Para dokter bekerja sangat cepat dan efisien, beberapa menit kemudian saya sudah berada di ruang lain, berganti pakaian dan bersiap untuk pulang. Beda dengan rumah sakit di Indonesia, ketika akan pulang harus check out di bagian administrasi dll. Di sini suster lebih perhatian pada apakah ada yang dapat mengantarkan saya pulang. Nina sudah menunggu dan saya pulang. Saya tetap belum terbiasa walau ini bukan pengalaman pertama bahwa sesudah mendapat perawatan bisa pulang dengan begitu saja. Tidak ada urusan dompet atau kartu kredit. Urusan bayar bukan hal yang utama, yang penting pasien tertangani dan dapat pulang dengan selamat. Kalau saja di segala penjuru dunia berlaku hal semacam ini, tidak ada cerita pasien disandera tidak bisa pulang karena belum mampu membayar!

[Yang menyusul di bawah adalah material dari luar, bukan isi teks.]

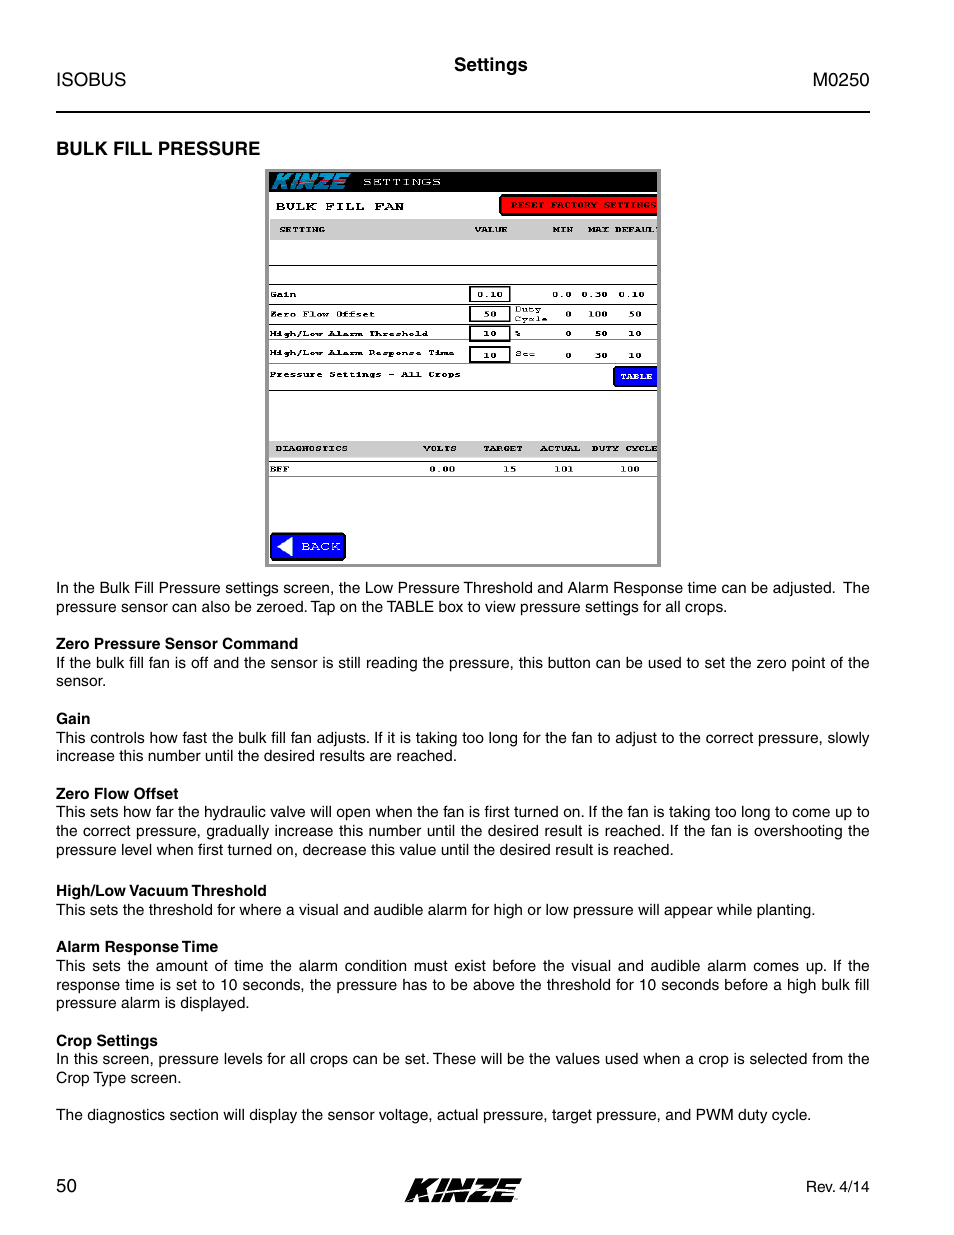 Bulk fill pressure | Kinze ISOBUS Electronics Package (4900) Rev. 4/14 User Manual | Page 54 / 60
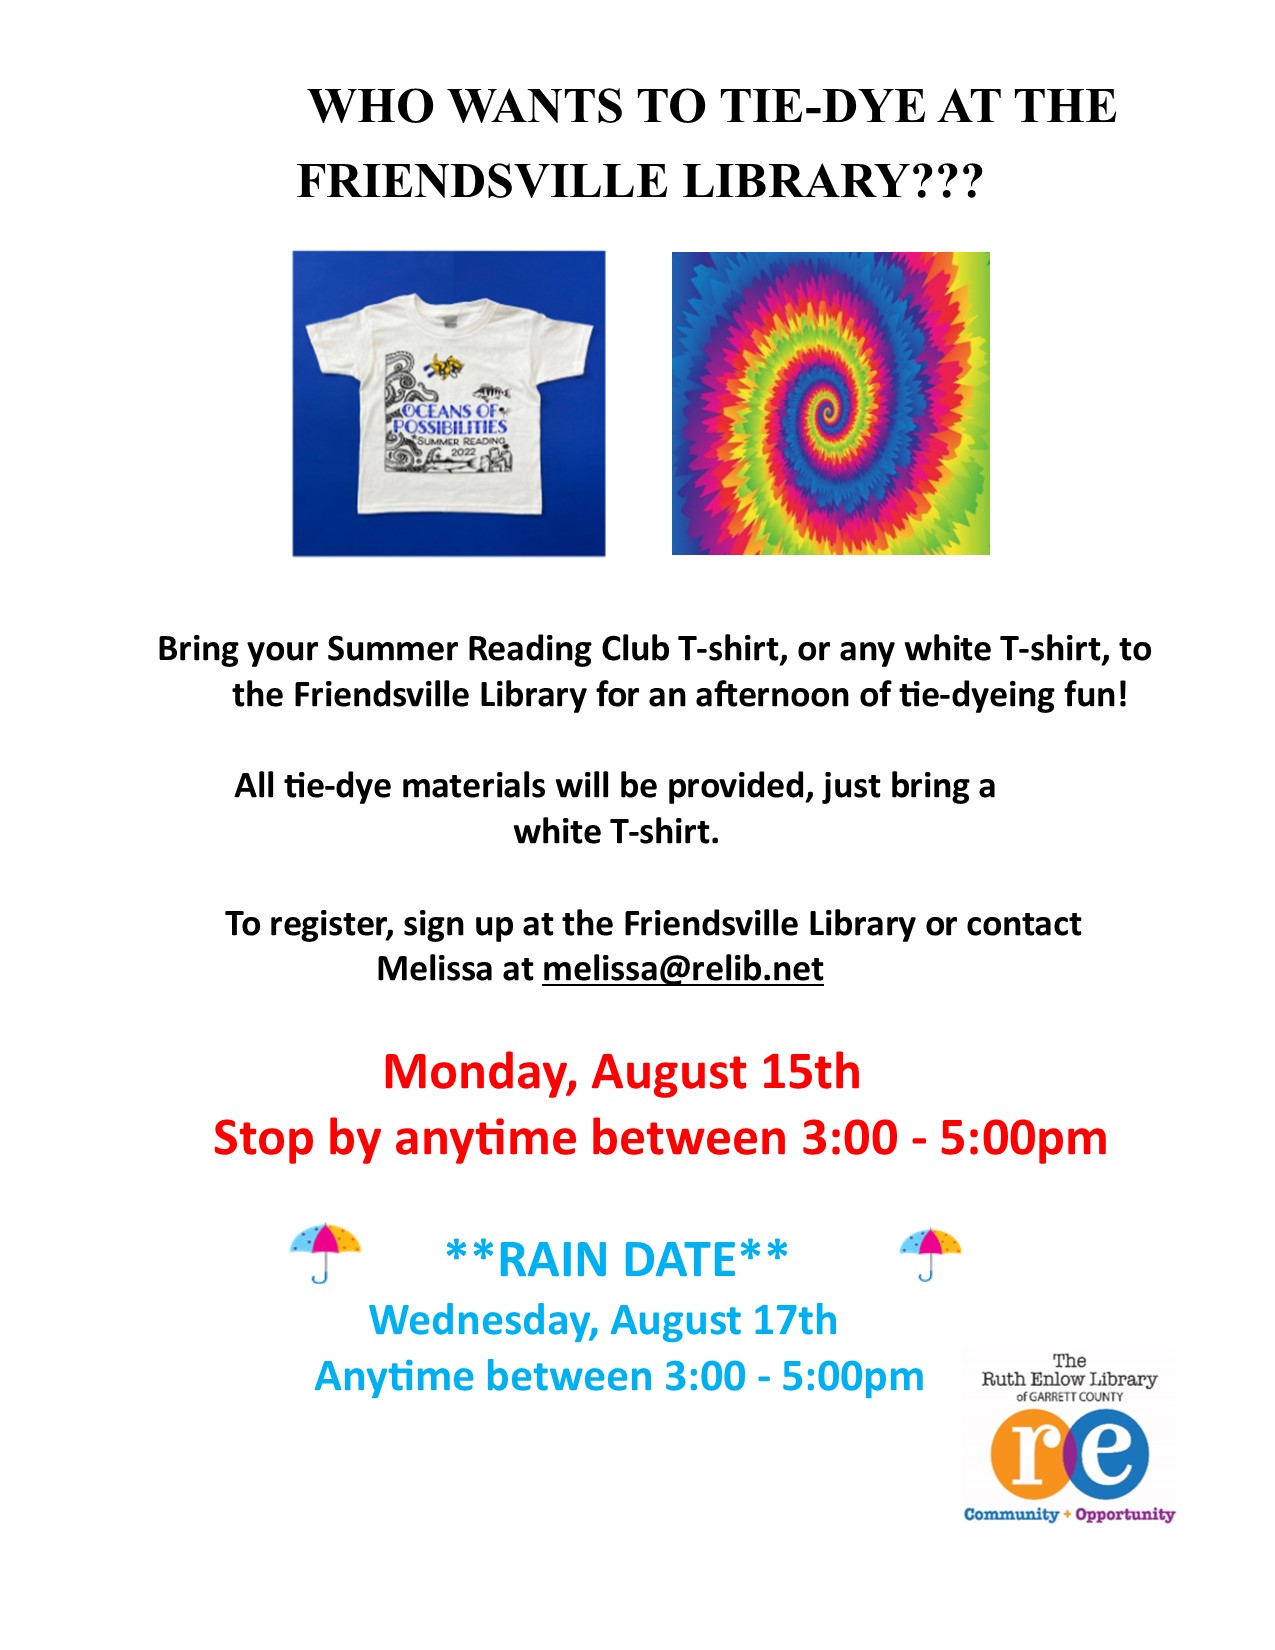 Details of Tie Dyeing event at the Friendsville Library

Beberapa hari ke depan saya akan menghadapi beberapa tantangan kecil. Saat ini saya mengetik dengan menggunakan 1 ibu jari tangan kanan, Ngetik tidak masalah. Makan tadi agak bersusah payah. Mandi nanti akan jadi tantangan tersendiri sebab tangan tidak boleh basah minimal selama 3 hari. Urusan kamar mandi memang bakalan seru, untung di sini tidak pakai gayung hahahaha.... Itu jadi gurauan saya di sosial media. Ya bayangan saja kalau saya harus membersihkan diri menggunakan gayung tapi hanya punya 1 tangan! Hahahaha Ini bakal jadi cerita seru!